China's working age population, which I'll define as 20-65, grew from 904m in 2010 to 930m in 2020. But it's peaking and will be back to 900m by 2030. Then the decline really takes hold - down almost 1%/year to 822m in 2040. That's very Japan-like.

China's economic miracle wasn't primarily driven by population growth, though, rather by population migration. Every year tens of millions of rural folk stopped hand-working tiny plots of land and took factory jobs in cities. Instant jump from ~$400 to 25k annual GDP contribution. Multiply that by 10-25m workers per year and you get a couple decades of 10% annual growth. At least until you run out of rural folk.

I spent some time a decade or so ago trying to calculate when China would hit "peak peasant". I had to use unofficial data since many migrants were "illegal" and technically still lived back in their hometown. (Xi took steps to legitimize these workers, btw). Anyway, I figured China's growth would slow dramatically by 2015 or so. It did fall a bit to 7-8% (officially), then drifted down to 5.9% by 2019.

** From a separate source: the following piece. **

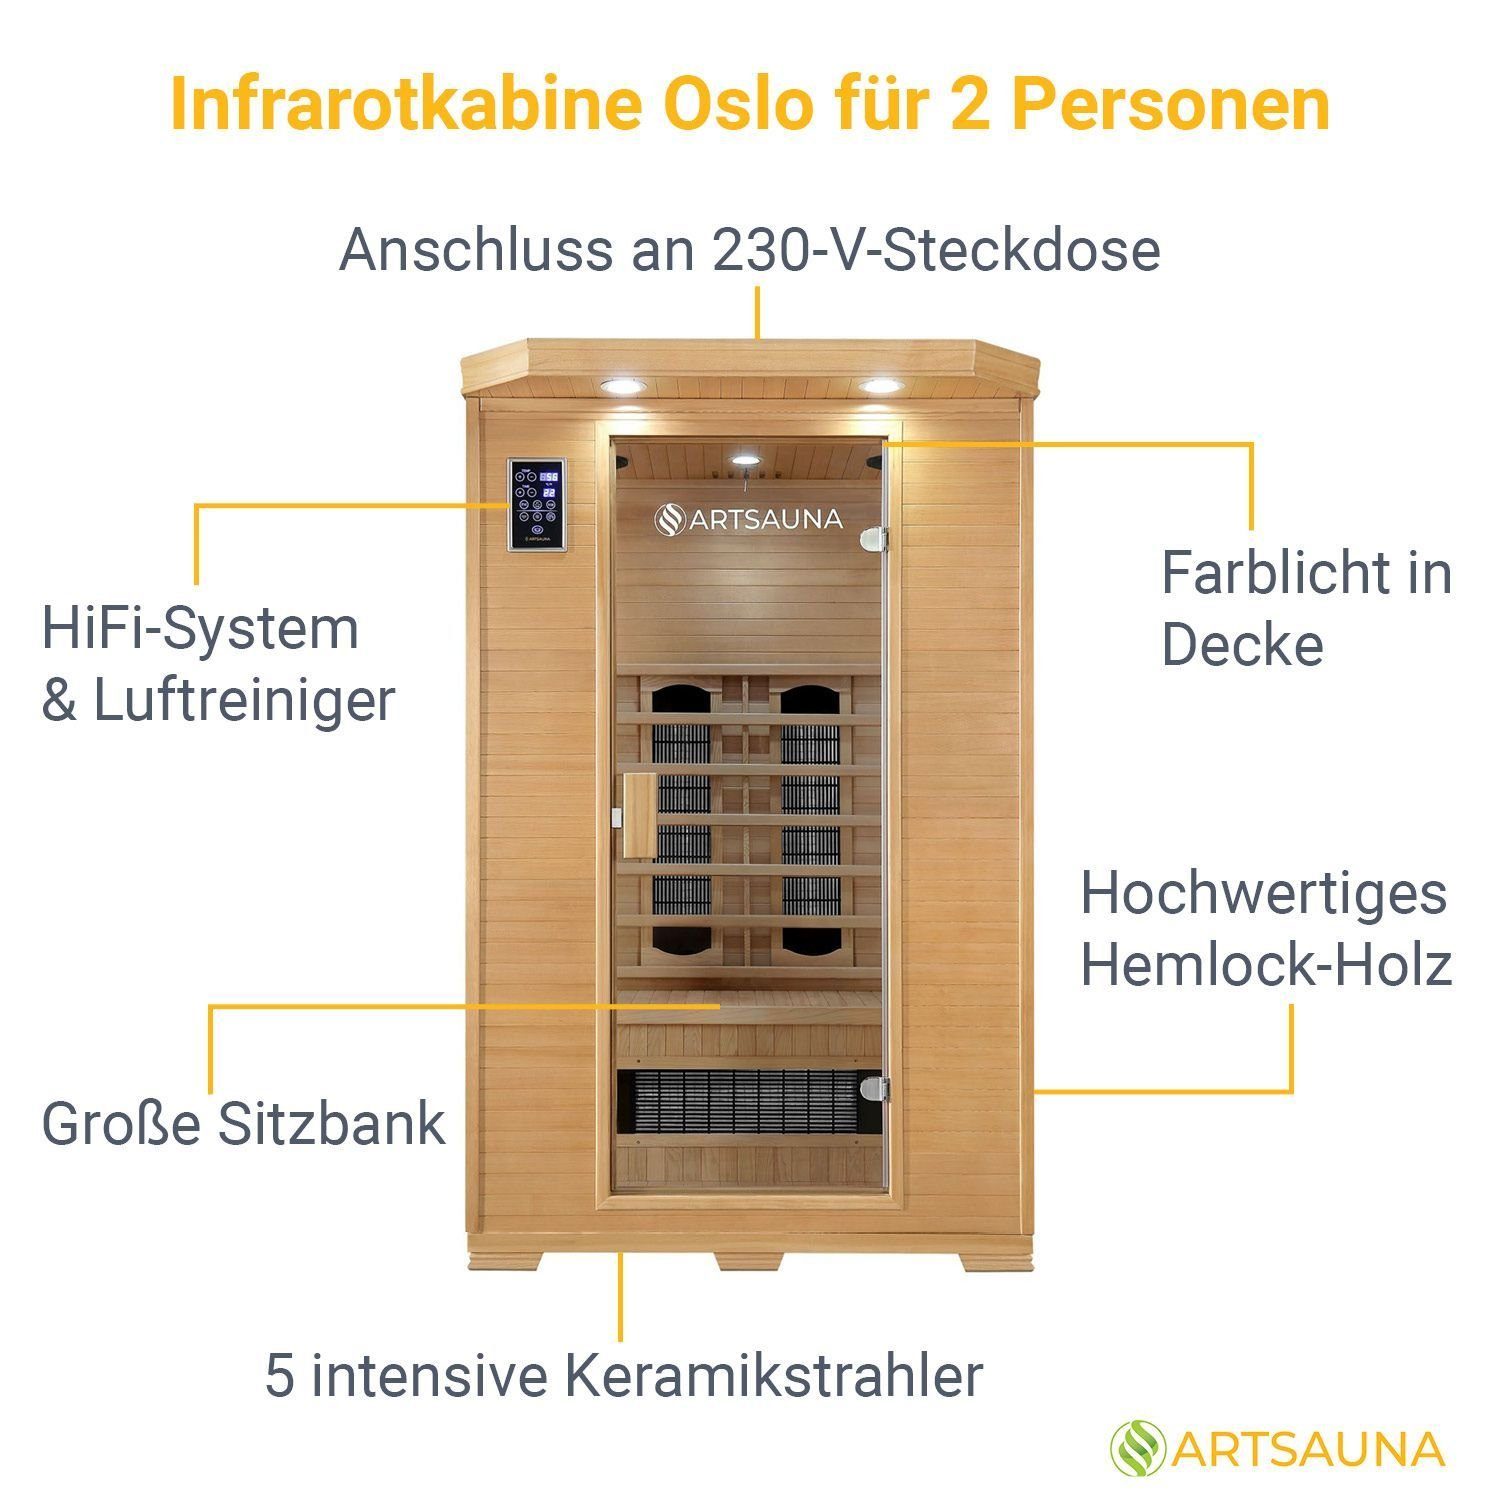 2 HiFi-System, LED-Farblicht Artsauna Personen, Hemlock-Holz, für Infrarotkabine Ionisator, Oslo,

I figure China still gets a 2-3%/year boost from migration, but the rest of their growth must come form improving productivity of workers already in place. Productivity improves a bit over 1% per year in the first world, but China can improve a little faster as they catch up to first world standards. It's not clear they'll catch all the way up, however, especially with Xi tightening control.

As migration dies out I see China with a 1% annual workforce decline offset by ~3% annual productivity growth. So 2%/year overall growth.

Could China be nearing its oil demand peak? Sure. China is moving blazing fast with EVs and renewable energy. At some point that's got to hit the critical threshold where all fossil fuel demand retreats and the economy continues grow at a healthy clip.
China EV sales are forecast to hit 5.5m in 2022, up almost 5x in 5 years (mostly in the past 3 years). Another 5x in 5 years takes ICE sales down to zero-ish in 2027. S Curves flatten after the midpoint, though, so we'll see how that goes.

Unlike the west, where total fleet size is kinda static as new vehicle sales roughly equal scrappings, China's fleet is still growing rapidly. New ICE sales still have a long way to fall before their ICE fleet starts to shrink. And other oil consumption (aviation, trucking, shipping) will grow for years after light vehicle consumption declines.

It's worth noting that despite China's massive wind/solar additions they keep setting records for coal consumption. In fact, global TWHs from coal just set a new record as China's massive growth offset declines in the west. Getting back to oil, IMHO China's consumption will grow another 5 years, but not by as much as forecasts think.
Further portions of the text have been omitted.